# New kitty pics



## Craig Fales (Oct 26, 2012)

Quinn's kits are now 15 days old and are starting to get rambunctious.


----------



## Craig Fales (Oct 26, 2012)

These are resized pics, if a mod would like to move these to my first post here. I don't seem to be able to edit it myself.


----------



## crazyismycat (Feb 7, 2012)

Awe they are sooo cute !! I want some!!!


Sent from my iPhone using Petguide.com Free App


----------



## Leazie (Apr 14, 2007)

Aww, they look so cute. Love thier pudgy bellies- Momma is doing a good job.


----------



## Craig Fales (Oct 26, 2012)

I can't forget to share some pics of my other stray. The black/grey tabbies seem to like me. His name is skweeker because he was so weak he could only make squeaking noises. I found him in the garage, he looked as though he may have been thrown from a car or hit by one. He had a large bump on a front leg but was not broken. One claw and half a toe pad was gone as well on a back paw. Now he's a healthy 20 pound butterball.


----------



## spirite (Jul 31, 2012)

Awww! What a good mom, and what cute little balls of fur! Though the little guy by mom's tail seems to be missing out. 

That stray has beautiful green eyes!


----------



## Craig Fales (Oct 26, 2012)

spirite said:


> Awww! What a good mom, and what cute little balls of fur! Though the little guy by mom's tail seems to be missing out.
> 
> That stray has beautiful green eyes!


Trust me when one wants to feed they burrow under all the others to find a teat, usually disrupting all others that are feeding.


----------



## Arianwen (Jun 3, 2012)

Fabulous!


----------



## Leazie (Apr 14, 2007)

Skweeker is a handsome man with a heartwarming story. So glad that he is healthy now.


----------



## Craig Fales (Oct 26, 2012)

Leazie said:


> Skweeker is a handsome man with a heartwarming story. So glad that he is healthy now.

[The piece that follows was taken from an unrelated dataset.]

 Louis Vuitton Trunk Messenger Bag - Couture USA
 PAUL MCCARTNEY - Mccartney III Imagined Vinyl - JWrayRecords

Thanks, he's quite a character. Your kitty Missy looks just my sister's cat Oliver.


----------



## blossombeautiful (Jul 21, 2012)

*Kittens*

We're getting kittens just like that tomorrow!


----------



## Craig Fales (Oct 26, 2012)

Kitty pic update. They are now just over 8 weeks old. First is Nermal, then Dizzie who is the runt of the litter ,then Baby. I'm still trying to get Nermal and Dizzie adopted. I'll be keeping Baby as she's just to cute to let go. The other two Blackie and Whitie have been adopted already.


----------